* **WHAT YOU HAVE TO DO**:
Give the data again exactly as written, without any of its pictures.

* **SUPPLIED DATA**:
Segment Open

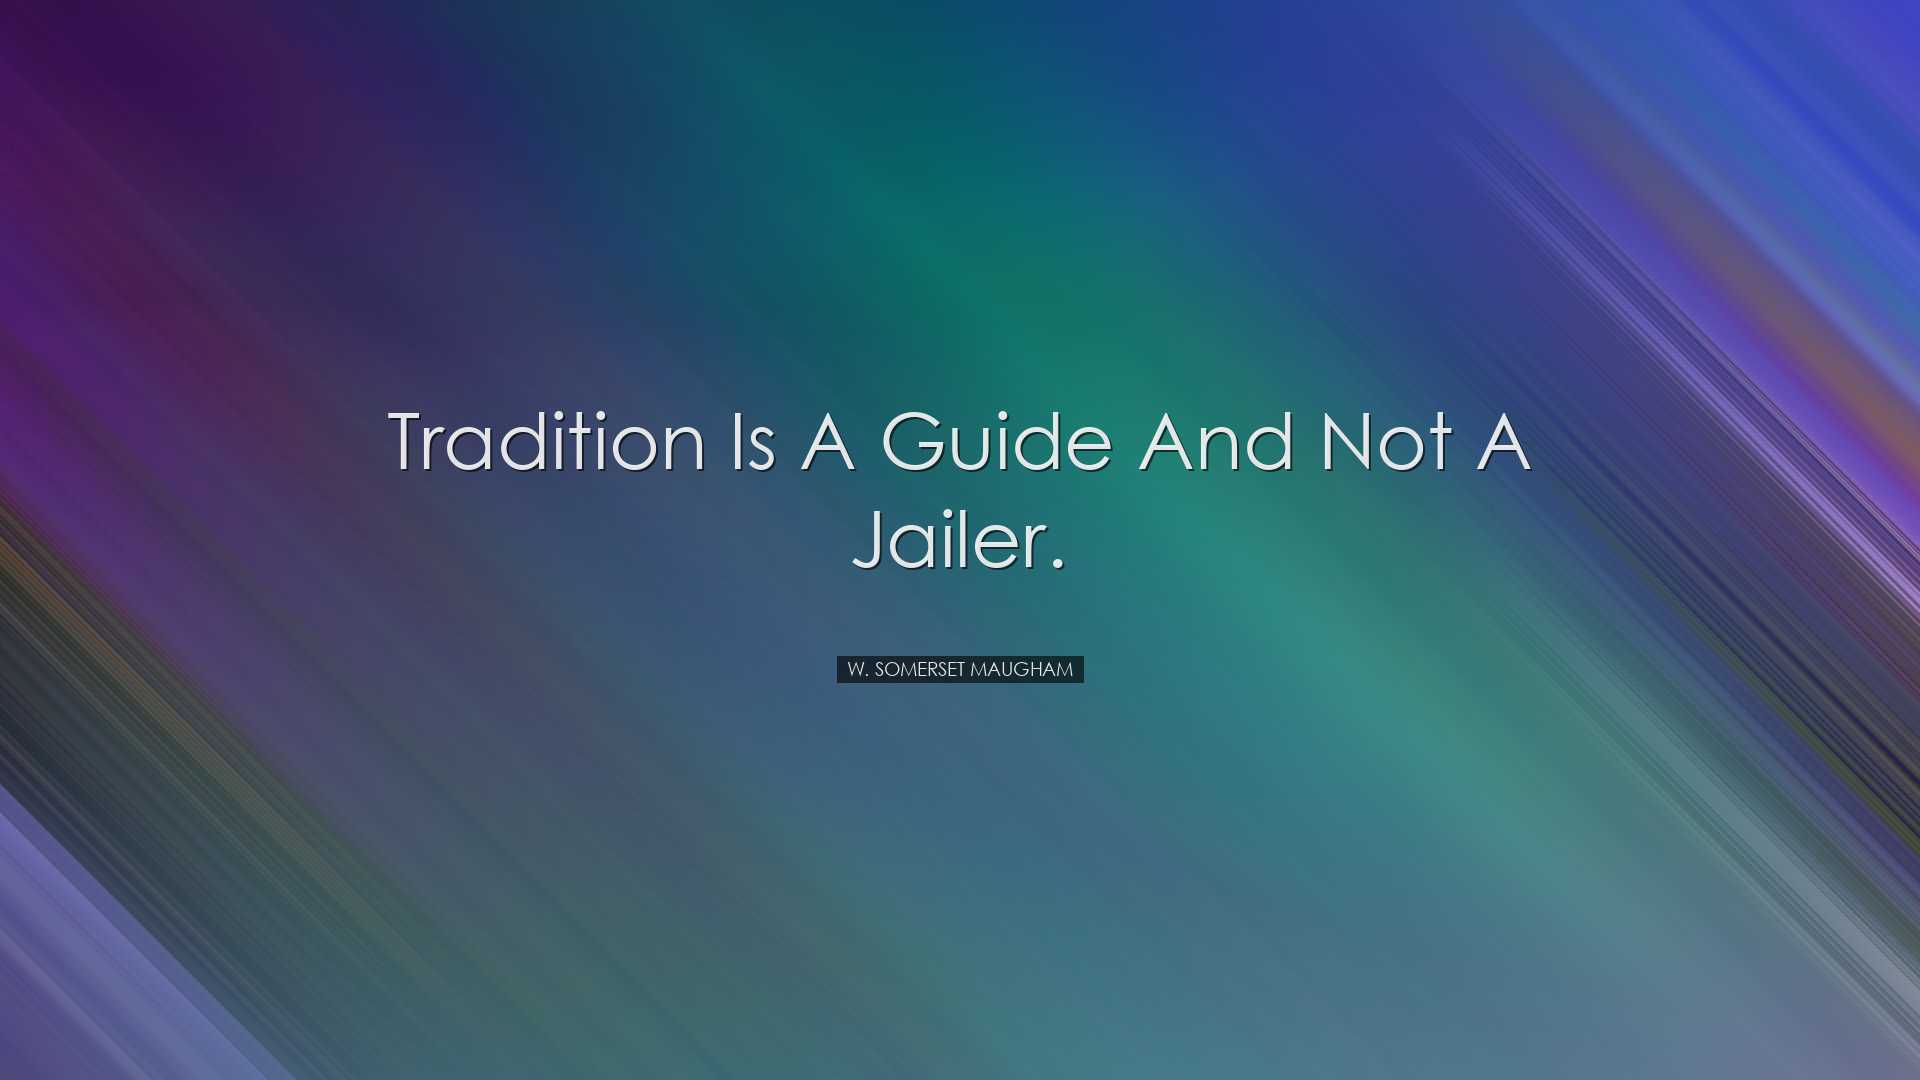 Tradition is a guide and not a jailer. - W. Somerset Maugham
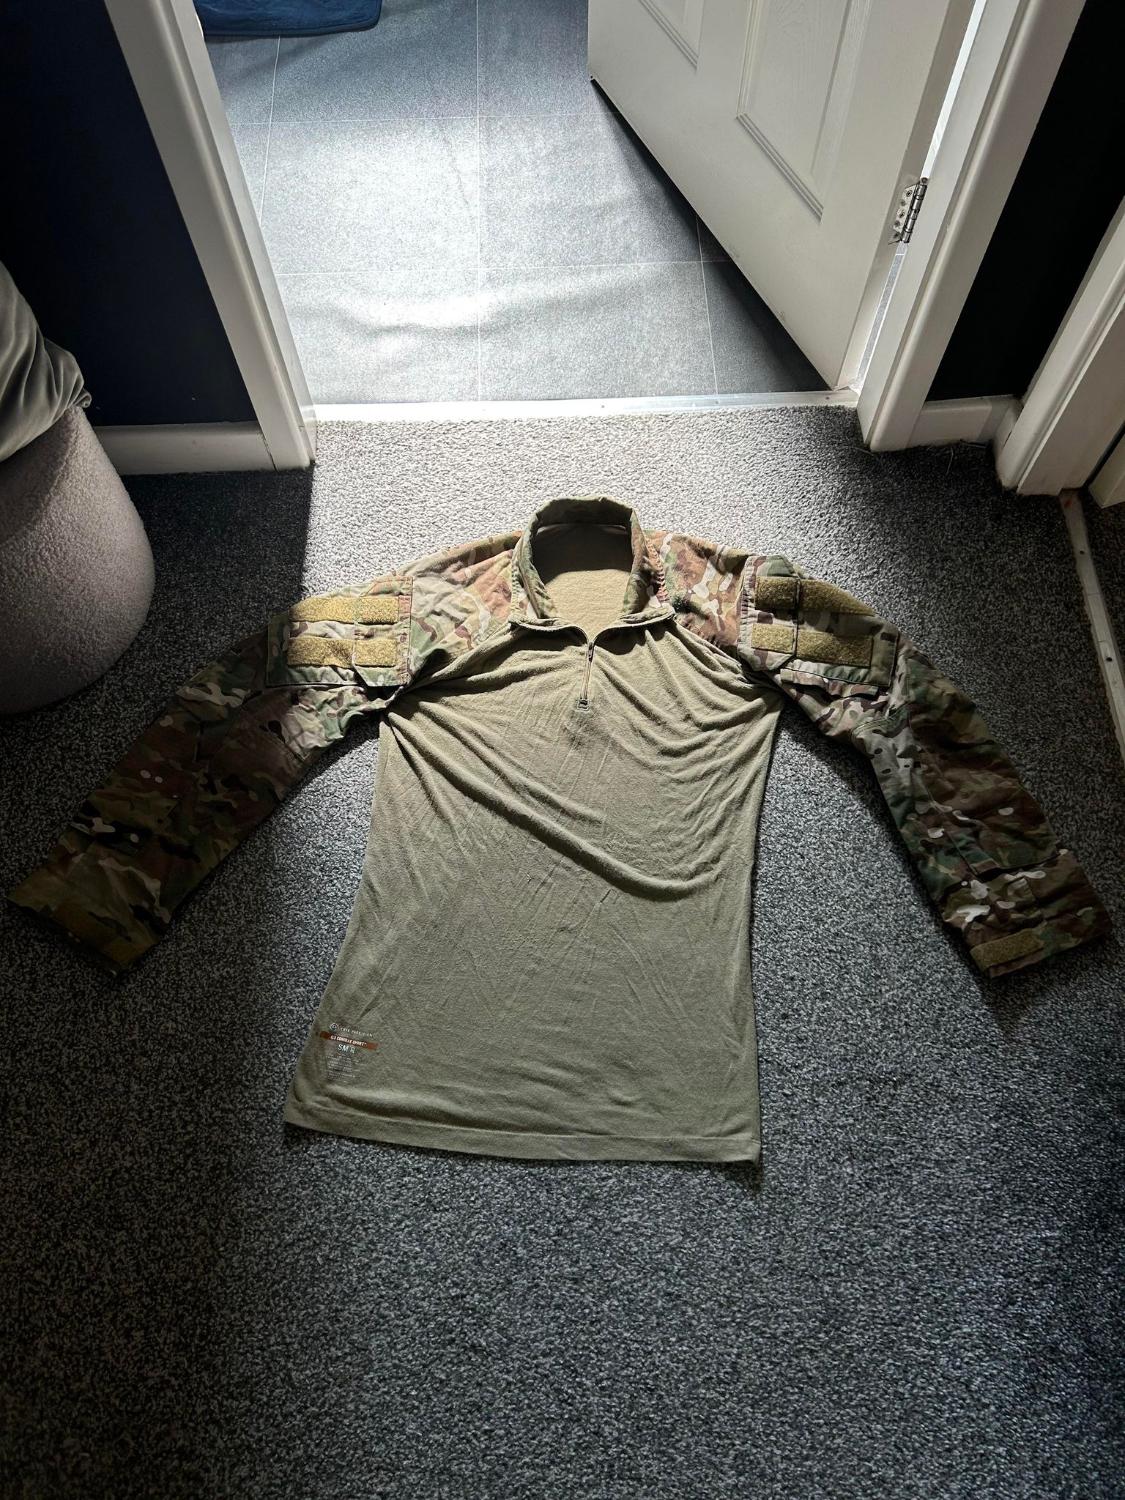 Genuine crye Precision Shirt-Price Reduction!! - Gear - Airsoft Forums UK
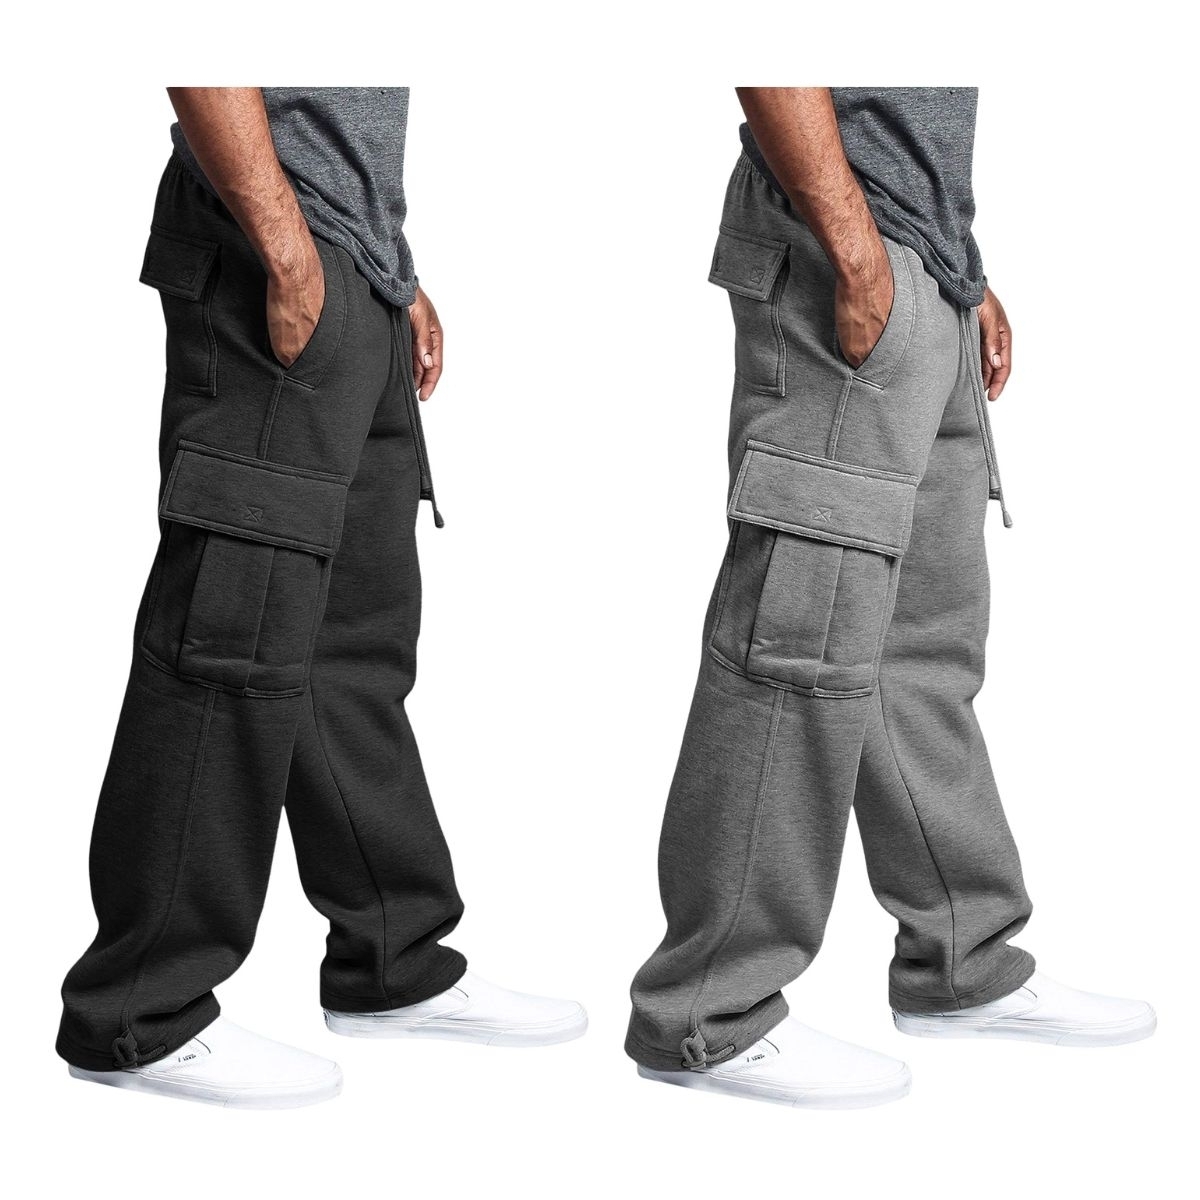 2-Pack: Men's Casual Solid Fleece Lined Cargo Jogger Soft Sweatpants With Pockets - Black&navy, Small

Segment Closed

* **EXERCISE RESULT**:
 Tradition is a guide and not a jailer. - W. Somerset Maugham
 Genuine crye Precision Shirt-Price Reduction!! - Gear - Airsoft Forums UK
 2-Pack: Men's Casual Solid Fleece Lined Cargo Jogger Soft Sweatpants With Pockets - Black&navy, Small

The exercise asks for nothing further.